Anche in questo settore, stanno prendendo sempre più piede le fibre riciclate o artificiali come il lyocell, fibra tessile artificiale di origine naturale estratta dalla cellulosa della pianta di eucalipto.
Spesso viene definita una fibra tessile naturale, ma questo non è corretto, perché è una fibra artificiale realizzata in laboratorio attraverso processi e sostanze chimiche, per la cui estrazione si richiede un notevole consumo di queste e di acqua.
Perciò, lo si può definire tessuto ecologico solo quando viene prodotto da aziende certificate come l’austriaca Lenzing, che utilizza processi innovativi e a ridotto impatto ambientale.
Lenzing è il maggiore produttore al mondo di lyocell e Tencel è il marchio di proprietà di Lenzing AG con il quale certifica la produzione delle fibre tessili lyocell e modal (estratto dalla polpa di alberi di faggio).

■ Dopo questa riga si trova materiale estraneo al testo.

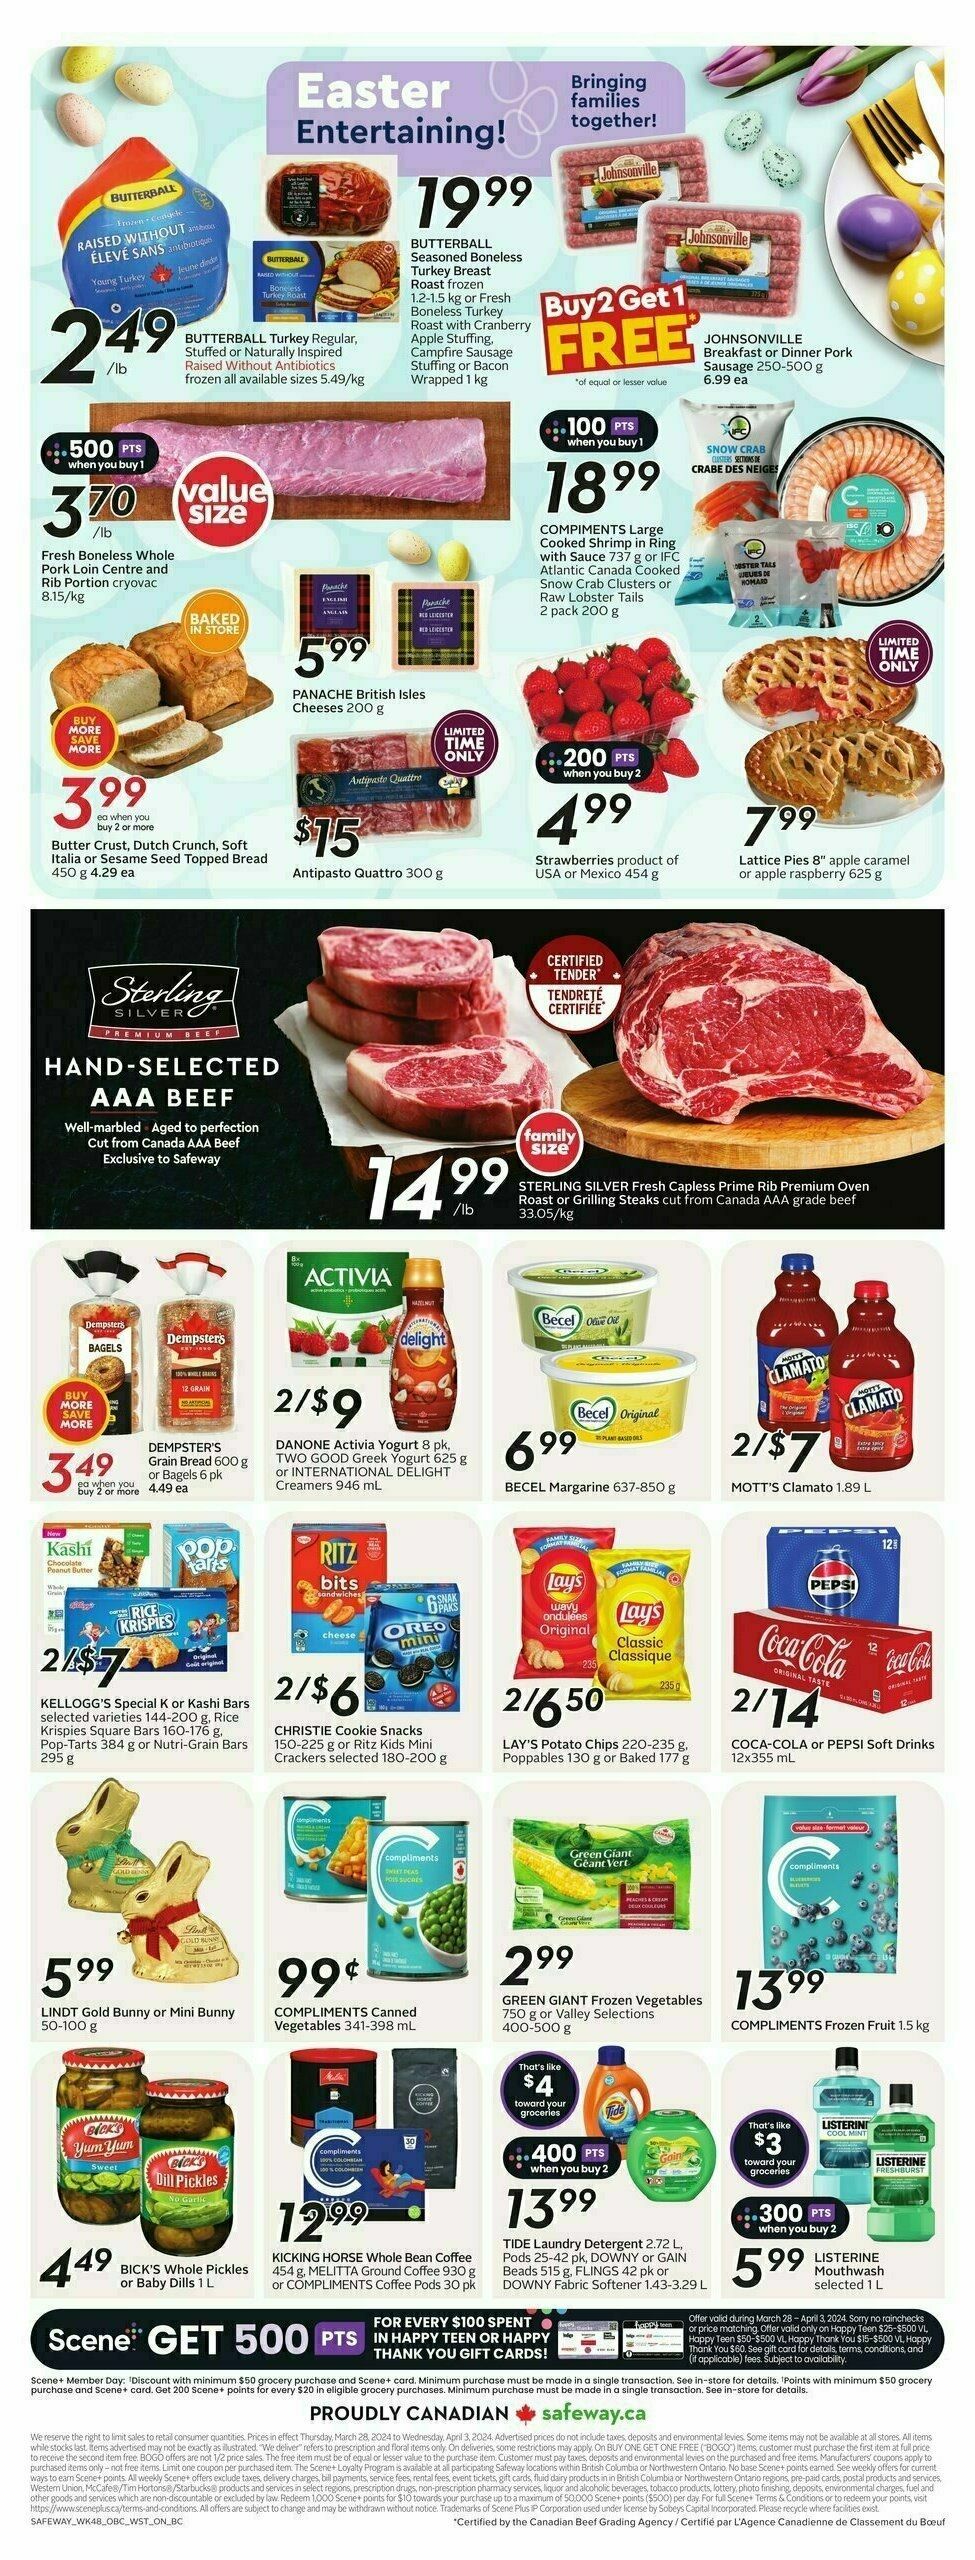 Safeway Flyer from March 28

Entrambe le fibre sono realizzate con lo stesso processo di lavorazione a ciclo chiuso ecologico. Lyocell e tencel sono fibre tessili artificiali molto simili al bamboo, che è ecologico solo quando accompagnato da certificazioni tessili come Oeko-Tex.

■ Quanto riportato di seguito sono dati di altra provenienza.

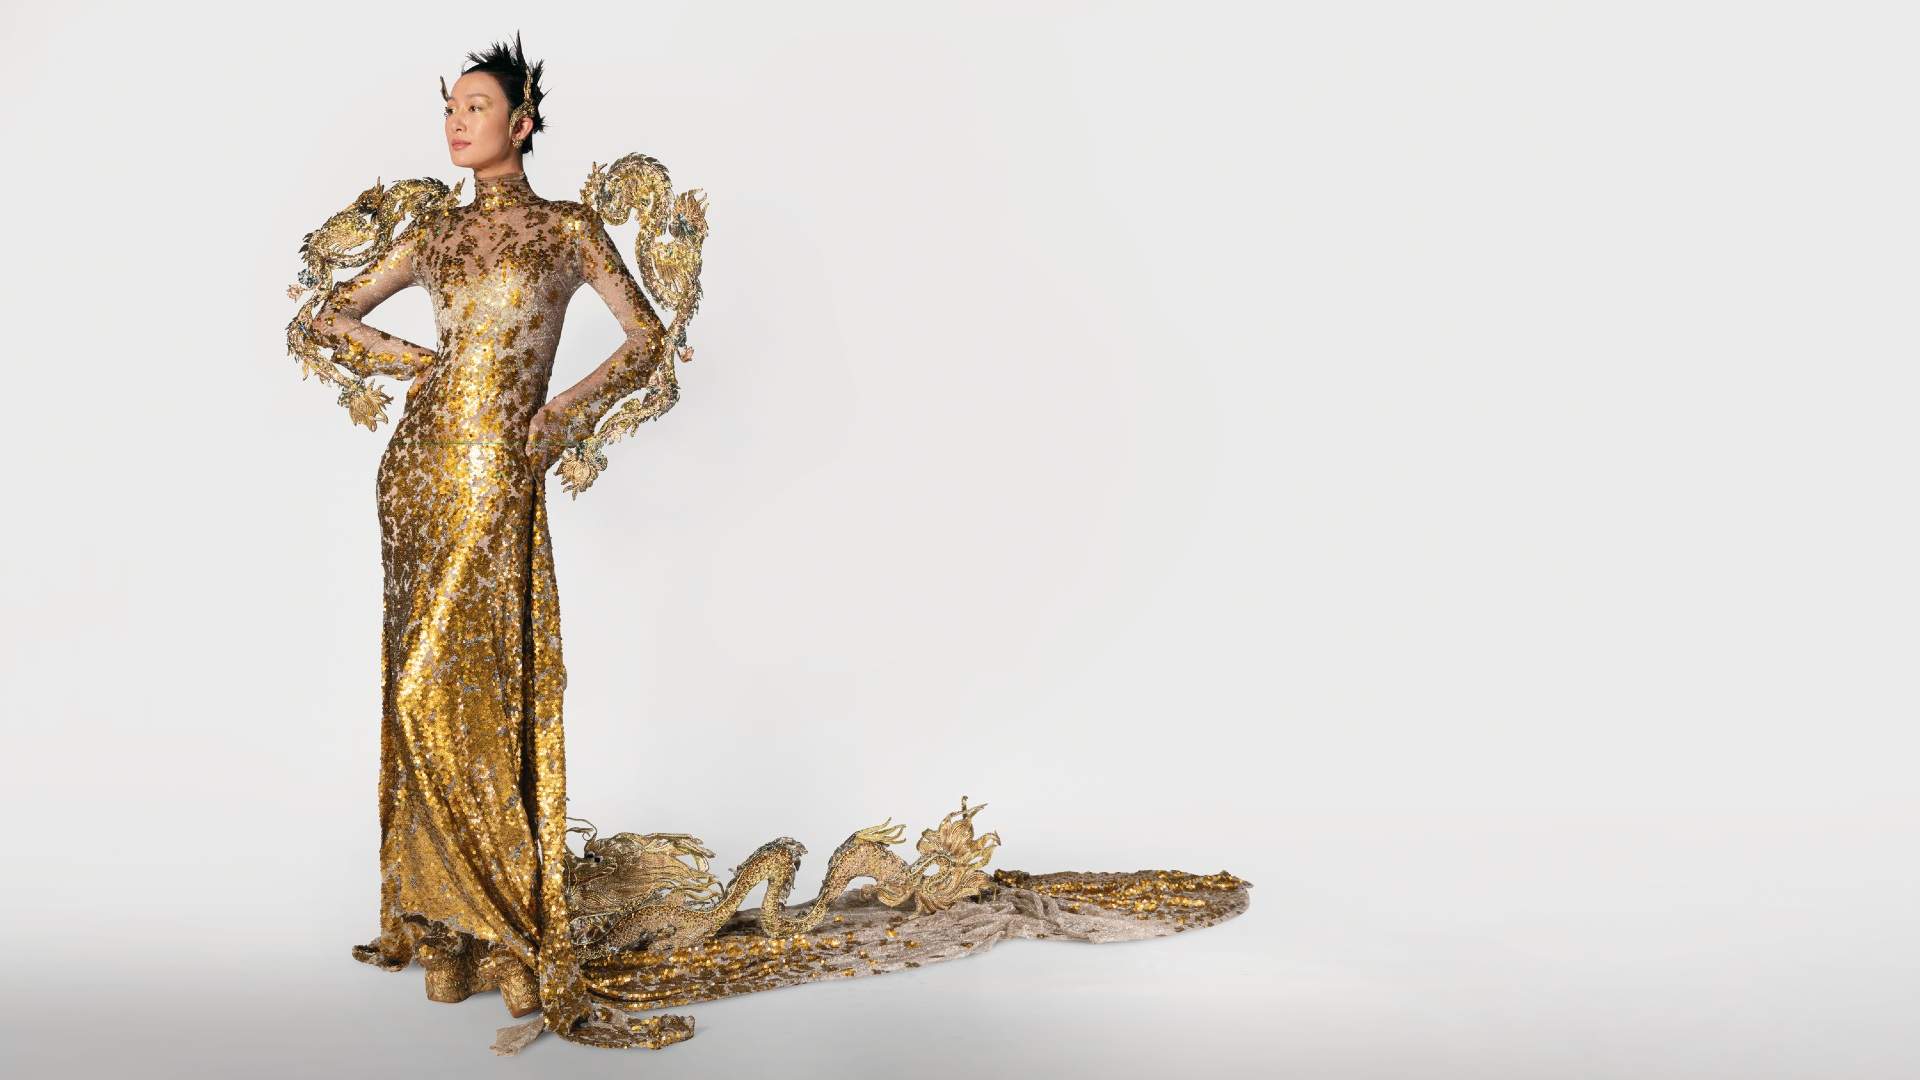 Auckland Art Gallery's Stunning New Exhibition Focuses on World-Renowned Couture Designer Guo Pei

Senza questo tipo di certificazioni, non possiamo avere nessun tipo di garanzia sul fatto che non vengano utilizzate sostanze chimiche durante la lavorazione.
Alcuni brand sostenibili di abbigliamento sportivo
Ecco alcuni brand sostenibili che hanno deciso di focalizzarsi sull’abbigliamento sportivo.
Be.GiN, linea di abbigliamento sportivo di CasaGin, brand italiano di moda sostenibile, composta da tre collezioni: Be.Life, realizzata interamente con un materiale a biodegradabilità accelerata chiamato green performing 2.0; Be.Eco, realizzato in econyl, nylon rigenerato dalle reti da pesca e Be.Performance, che abbina la tecnologia dei tessuti con trama a rete delle fibre rigenerate al tessuto green performing 2.0.
Margareth and hermione marchio austriaco che realizza abbigliamento sportivo riciclando le reti da pesca. Tutta la filiera produttiva è sostenibile e i materiali sono certificati.
Licia Florio brand milanese sostenibile, produce prodotti zero waste ed in materiali riciclati. Le stoffe sono tinte con la tecnologia Bluesign, cioè senza l’uso di agenti chimici dannosi.
Patagonia offre una vasta gamma di capi creati con materiali riciclati e in fabbriche certificate fair-trade. Il brand rende possibile far riparare e riciclare in nuove fibre il proprio capo Patagonia in negozio.
Iroon roots produce capi che non contengono microplastiche, utilizzando la fibra di eucalipto e la canapa.
Girlfriend collective, che utilizza la plastica recuperata dal mare e attraverso il suo programma ReGirlfriend offre piani di riciclo che contribuiscono ad un sistema circolare, scomponendo i vecchi capi, riciclando il vecchio filato di poliestere in un nuovo filato e mischiandolo con il nuovo filato di poliestere riciclato.
Perff studio utilizza tessuti riciclati e ogni paio di leggings è realizzato con 25 bottiglie riciclate.
Colorful standard utilizza cotone biologico certificato e tinture a basso impatto certificate Oeko-Tex.
Nu In abbigliamento composto da materiali riciclati e cotone biologico; il loro packaging è compostabile e certificato Fsc (Forest Stewardship Council), che garantisce albereti di eucalipto ecosostenibili. La certificazione Fsc verifica che i terreni scelti siano idonei.
Ambiletics produce i tessuti riciclando le bottiglie di plastica.
Luna and soul Active è un marchio specializzato in abbigliamento da yoga vegano e che usa solo tinture naturali.